ЧТО МЫ БУДЕМ ЕСТЬ? С КЕМ НАМ МОЖНО ТАНЦЕВАТЬ? НАДО ЛИ НАМ ТЕПЕРЬ ПОЖЕНИТЬСЯ?
   В понедельник Пиннеберги сидят за утренним кофе, глаза у Овечки блестят.
   — Ну, значит, сегодня примусь по-настоящему! — И, окинув взглядом «комнату ужасов», добавляет: — Я с этим старым хламом расправлюсь! — Затем, посмотрев в чашку: — Как тебе нравится кофе? Двадцать пять процентов настоящего.
   — Ну, раз уж ты хочешь знать…
   — Ведь мы же решили наводить экономию…
   В ответ на это Пиннеберг заявляет, что по утрам он всегда позволял себе «настоящий» кофе. А она разъясняет ему, что на двоих надо больше денег, чем на одного. А он говорит, что всегда слышал, будто одному жить дороже, что питаться дома двоим дешевле, чем одному в ресторане.
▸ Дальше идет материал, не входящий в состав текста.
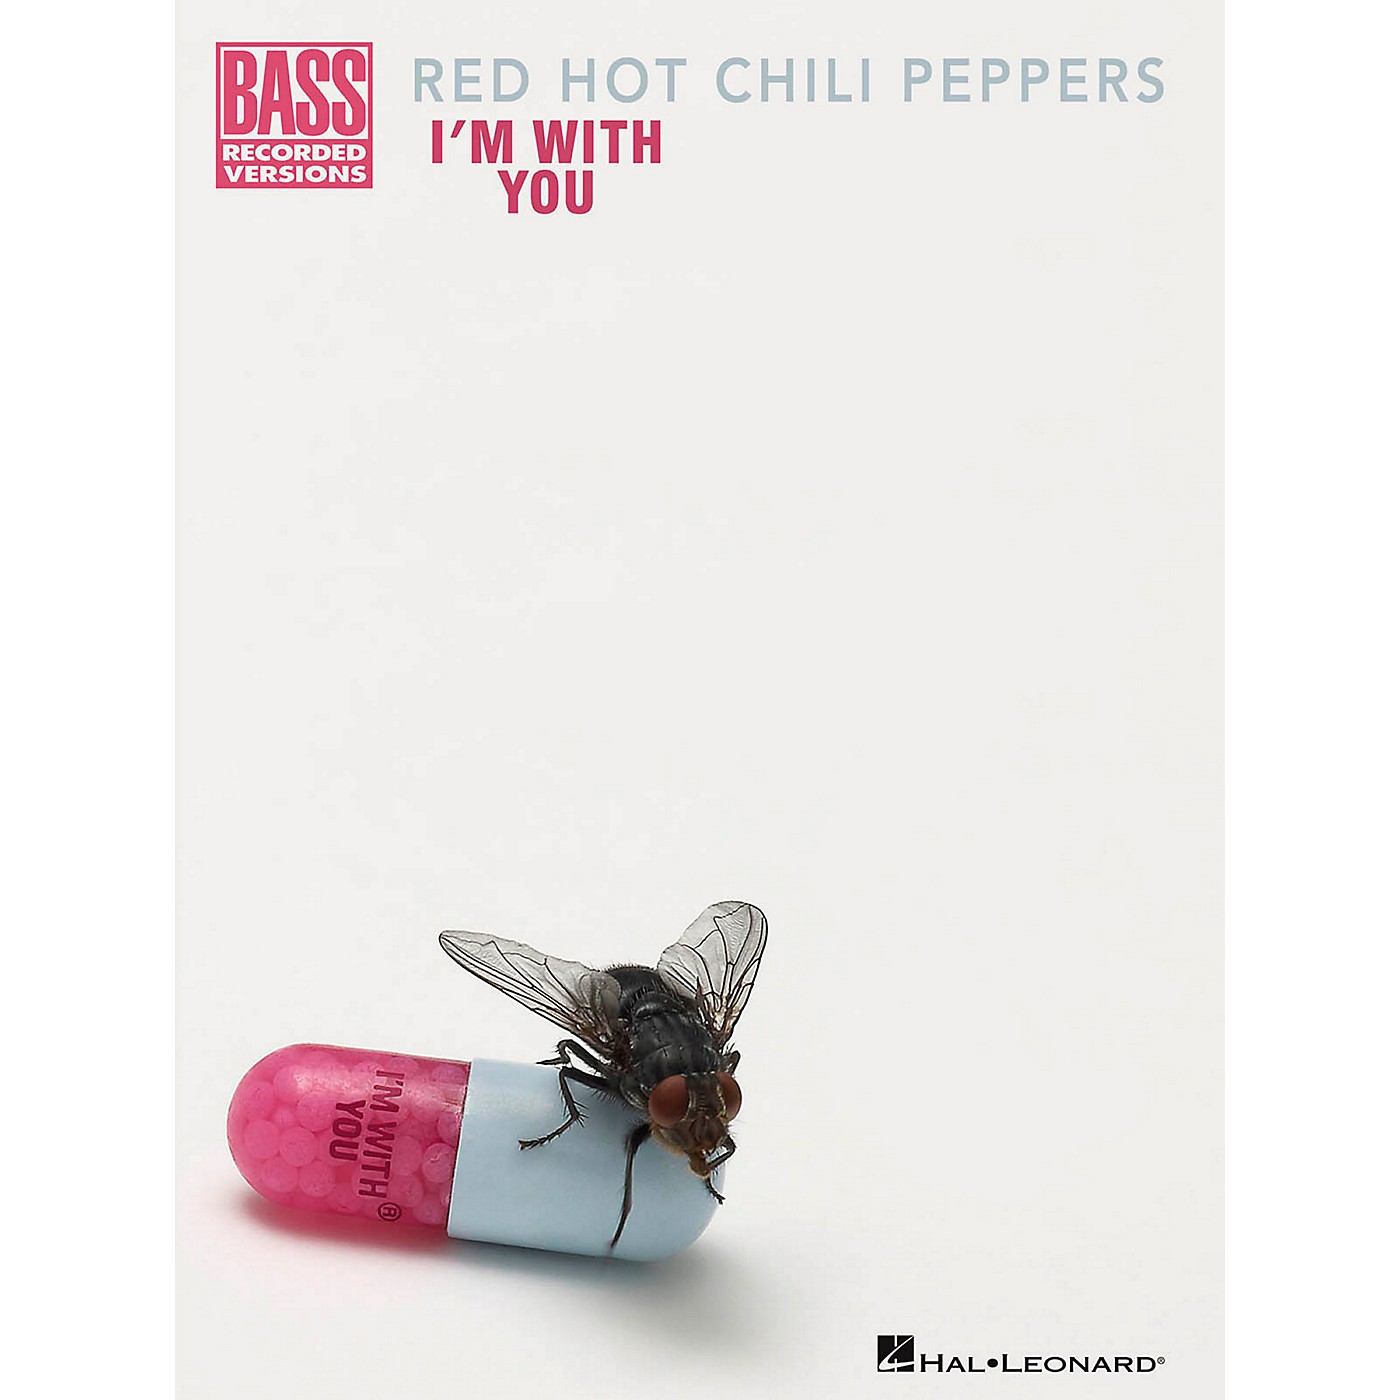 Hal Leonard Red Hot Chili Peppers - I'm With You Bass Guitar Tab Songbook thumbnail
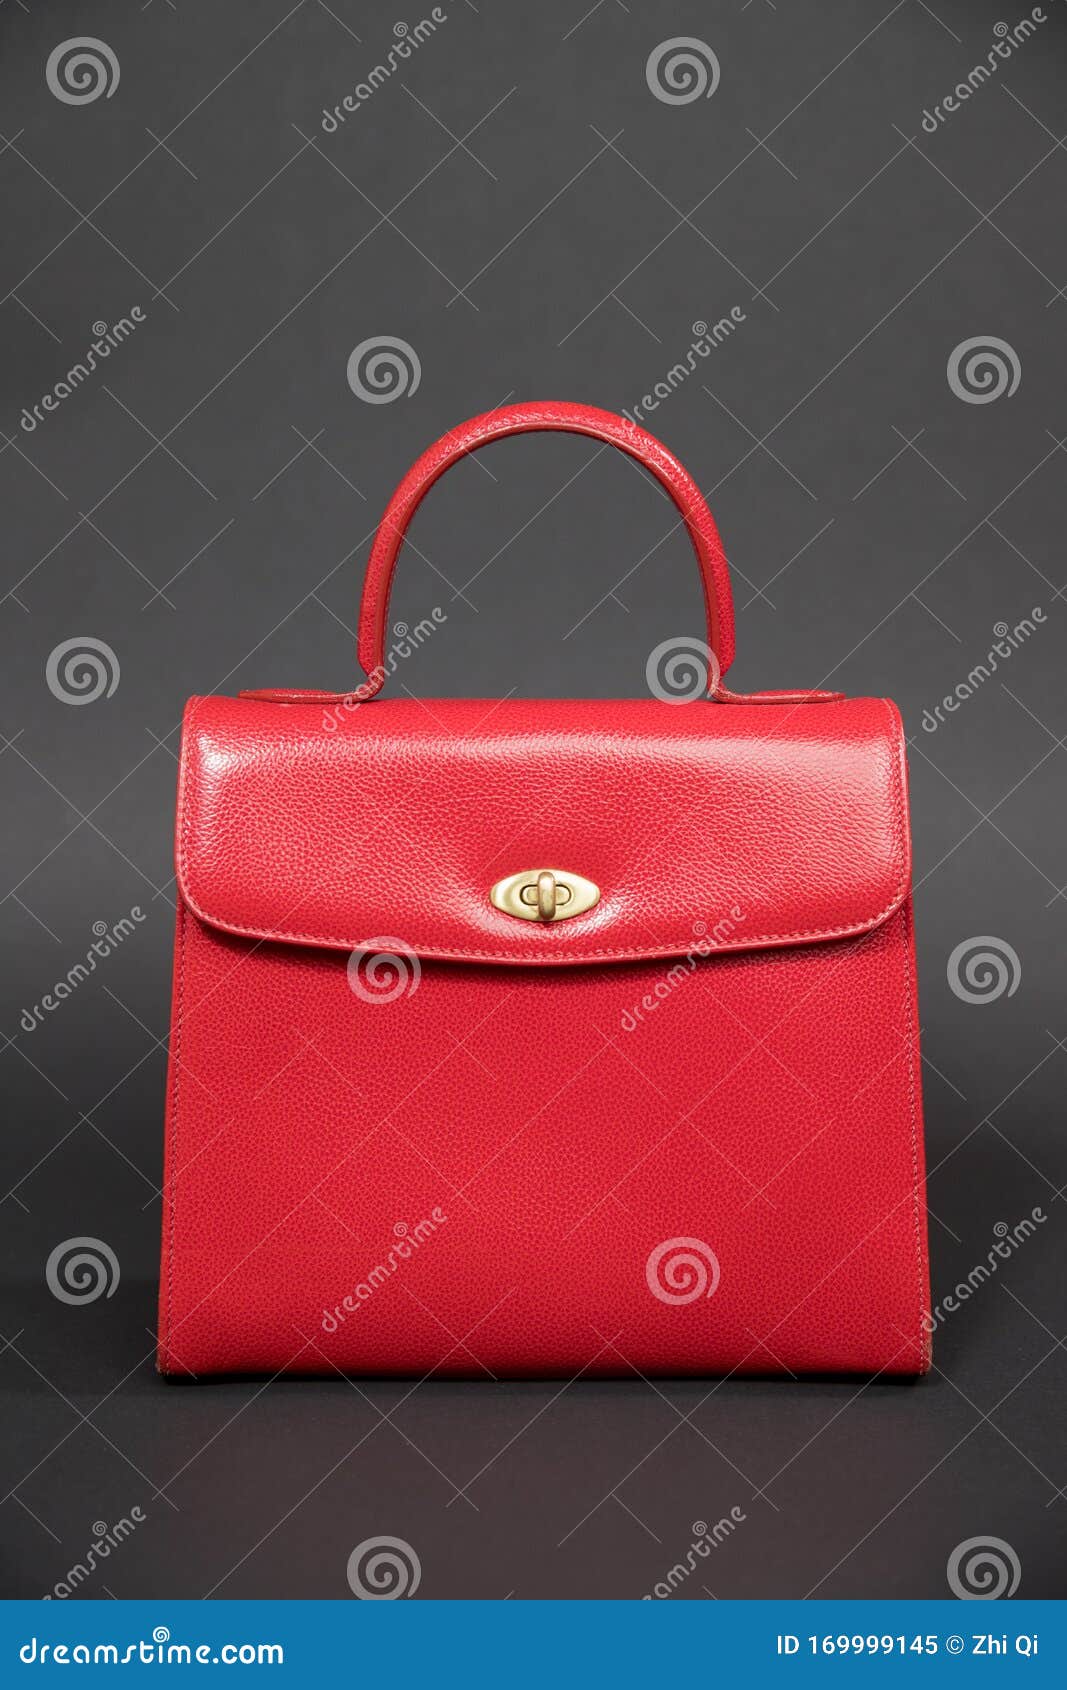 Vintage Red Women`s Handbag Stock Image - Image of glamour, accessory ...

   Завязывается долгий спор, но вдруг Пиннеберг спохватывается:
   — Черт возьми! Мне пора!
   Она провожает его до двери. Он уже почти сошел вниз, И тут Эмма зовет его:
   — Мальчуган, милый, постой! Что мы сегодня будем есть?
   — Что хочешь! — кричит он в ответ.
   — Нет, скажи, скажи, пожалуйста! Я же не знаю…
   — Я тоже не знаю! — Дверь захлопывается.
   Она бросается к окну. Он уже на улице. Сперва он машет рукой, потом платком, а она до тех пор не отходит от окна, пока он не миновал фонарь и не исчез за углом желтоватого дома. Теперь Овечка впервые за свою двадцатидвухлетнюю жизнь сама располагает своим утром, своей квартирой, сама должна придумать меню. Она приступает к работе.
   А Пиннеберг встречает на углу главной улицы Кранца, секретаря муниципалитета, и вежливо с ним здоровается. И вдруг вспоминает он приподнял шляпу правой рукой, а на правой руке кольцо. Надо надеяться, что Кранц не заметил. Пиннеберг снимает кольцо и заботливо прячет его в «потайной» карманчик бумажника. Это, конечно, неприятно, но раз надо, так надо…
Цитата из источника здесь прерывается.